REQUIRED WORK |
Search the entries below for the string "Online" and copy the lines that hold it.
BEGIN SOURCE MATERIAL
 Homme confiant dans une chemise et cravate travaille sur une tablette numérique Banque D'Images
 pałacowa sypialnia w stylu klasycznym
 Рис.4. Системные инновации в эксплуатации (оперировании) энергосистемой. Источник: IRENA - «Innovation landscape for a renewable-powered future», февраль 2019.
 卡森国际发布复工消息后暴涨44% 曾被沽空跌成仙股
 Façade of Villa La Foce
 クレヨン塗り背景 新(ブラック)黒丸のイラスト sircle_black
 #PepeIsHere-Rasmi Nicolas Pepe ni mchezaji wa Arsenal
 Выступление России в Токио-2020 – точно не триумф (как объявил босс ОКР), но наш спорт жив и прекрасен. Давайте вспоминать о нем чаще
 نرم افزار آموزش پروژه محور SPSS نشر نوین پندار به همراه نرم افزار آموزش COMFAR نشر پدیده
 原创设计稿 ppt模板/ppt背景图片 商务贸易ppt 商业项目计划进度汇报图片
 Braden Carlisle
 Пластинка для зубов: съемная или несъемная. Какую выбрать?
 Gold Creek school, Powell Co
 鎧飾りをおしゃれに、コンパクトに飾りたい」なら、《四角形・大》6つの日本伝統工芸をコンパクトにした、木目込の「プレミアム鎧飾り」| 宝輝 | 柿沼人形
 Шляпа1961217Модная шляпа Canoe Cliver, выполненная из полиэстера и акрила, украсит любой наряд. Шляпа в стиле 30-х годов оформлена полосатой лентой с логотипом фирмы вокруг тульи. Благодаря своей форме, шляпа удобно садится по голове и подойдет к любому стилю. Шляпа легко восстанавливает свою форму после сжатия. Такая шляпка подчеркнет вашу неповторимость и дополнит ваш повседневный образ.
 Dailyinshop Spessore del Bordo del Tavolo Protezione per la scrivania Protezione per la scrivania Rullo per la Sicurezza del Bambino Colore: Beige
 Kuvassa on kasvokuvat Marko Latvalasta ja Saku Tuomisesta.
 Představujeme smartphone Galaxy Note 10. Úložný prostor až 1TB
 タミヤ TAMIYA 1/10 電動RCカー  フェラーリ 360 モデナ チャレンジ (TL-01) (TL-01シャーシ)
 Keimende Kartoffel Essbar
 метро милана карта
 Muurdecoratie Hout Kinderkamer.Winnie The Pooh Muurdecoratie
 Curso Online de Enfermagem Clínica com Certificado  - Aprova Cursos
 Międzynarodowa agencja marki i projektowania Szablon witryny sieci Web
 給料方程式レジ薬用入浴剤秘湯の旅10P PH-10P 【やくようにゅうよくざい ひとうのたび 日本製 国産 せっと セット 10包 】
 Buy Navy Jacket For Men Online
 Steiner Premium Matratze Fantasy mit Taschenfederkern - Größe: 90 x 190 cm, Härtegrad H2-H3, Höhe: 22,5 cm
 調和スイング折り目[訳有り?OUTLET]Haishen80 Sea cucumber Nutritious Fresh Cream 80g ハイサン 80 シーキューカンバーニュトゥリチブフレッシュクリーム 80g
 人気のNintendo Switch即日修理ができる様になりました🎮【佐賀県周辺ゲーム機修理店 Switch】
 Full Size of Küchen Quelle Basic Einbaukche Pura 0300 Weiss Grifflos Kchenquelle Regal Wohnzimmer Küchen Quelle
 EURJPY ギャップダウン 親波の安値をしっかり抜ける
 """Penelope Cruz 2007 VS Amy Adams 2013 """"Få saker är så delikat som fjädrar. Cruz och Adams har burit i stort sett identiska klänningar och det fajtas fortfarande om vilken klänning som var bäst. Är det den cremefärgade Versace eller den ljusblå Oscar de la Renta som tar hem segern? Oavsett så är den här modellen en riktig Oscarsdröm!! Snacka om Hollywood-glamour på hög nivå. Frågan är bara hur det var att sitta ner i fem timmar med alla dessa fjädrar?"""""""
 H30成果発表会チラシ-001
END SOURCE MATERIAL
RESPONSE TO THIS EXERCISE |
 Curso Online de Enfermagem Clínica com Certificado  - Aprova Cursos
 Buy Navy Jacket For Men Online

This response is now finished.